His nervous look hides behind a smile. "It has been long indeed, Darcy. How fares my brother?"
"Why don't you come in and see for yourself?" Darcy says, stepping aside to let the Asgardian through. She follows him to the living room but hangs back, observing with a grin as Thor halts.
Loki is lying on his back on the couch, his nose embedded in the book suspended over his head. He lowers The Murder of Roger Ackroyd to fix an unconcerned look at his audience. "What is it, Thor?"
Darcy knows Loki's as amused as she is at Thor's attempts to regain his speech.
"You seem… comfortable," is all Thor says.

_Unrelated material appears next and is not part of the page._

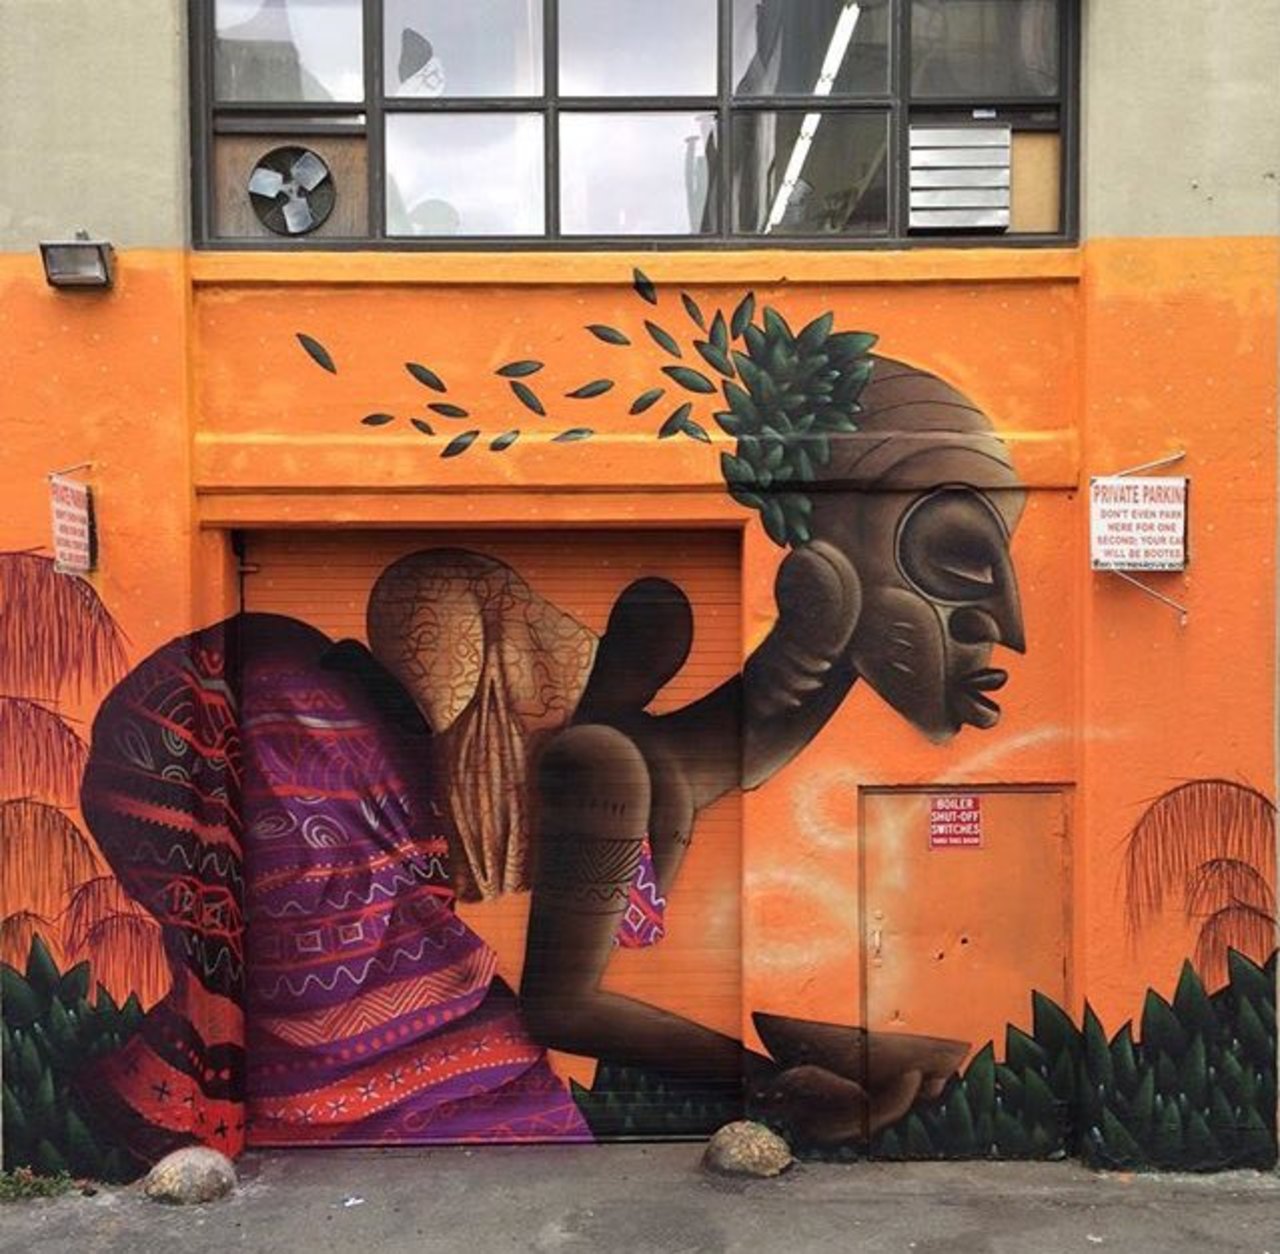 New Street Art by Alexandre Keto in NYC 

#art #graffiti #mural #streetart https://t.co/1Uz3DFgr3N googlestreetart chinatoniq

"I am." Loki props himself up by one elbow and bookmarks his location. "This couch is marvelous, I think I'll have to get one for myself when I'm finally released. Tell me, brother, when do you think your SHIELD associates will realize I don't pose a threat and conclude this house arrest?" He flashes a sunny smile. "Television and books can only occupy my attention for so long; I may resort to more violent outlets to ward off the boredom."
"There you go again with the easy threats," Darcy says, shaking her head.
Thor clears his throat. "Actually, that is what I wish to speak to you of."
Loki exaggerates his sigh of relief. "As long as you aren't bringing those horrific shirts…"
"What is wrong with—" Thor begins, then thinks better of it. He turns to Darcy with an apologetic look. "This will not take too long."
"Sure, I'll be waiting outside," Darcy says. She clamps down her curiosity and heads for the door. She knows when she's not wanted.
. . .
The door closes behind Darcy.
Thor is looking at Loki and Loki is looking at his nails.
Thor clears his throat. "I have been speaking with Director Fury about the terms of your…" He waves a hand about the room.
"You mean the negotiations for my release?" Loki says archly. "Call it what it is, you will not be hurting my feelings."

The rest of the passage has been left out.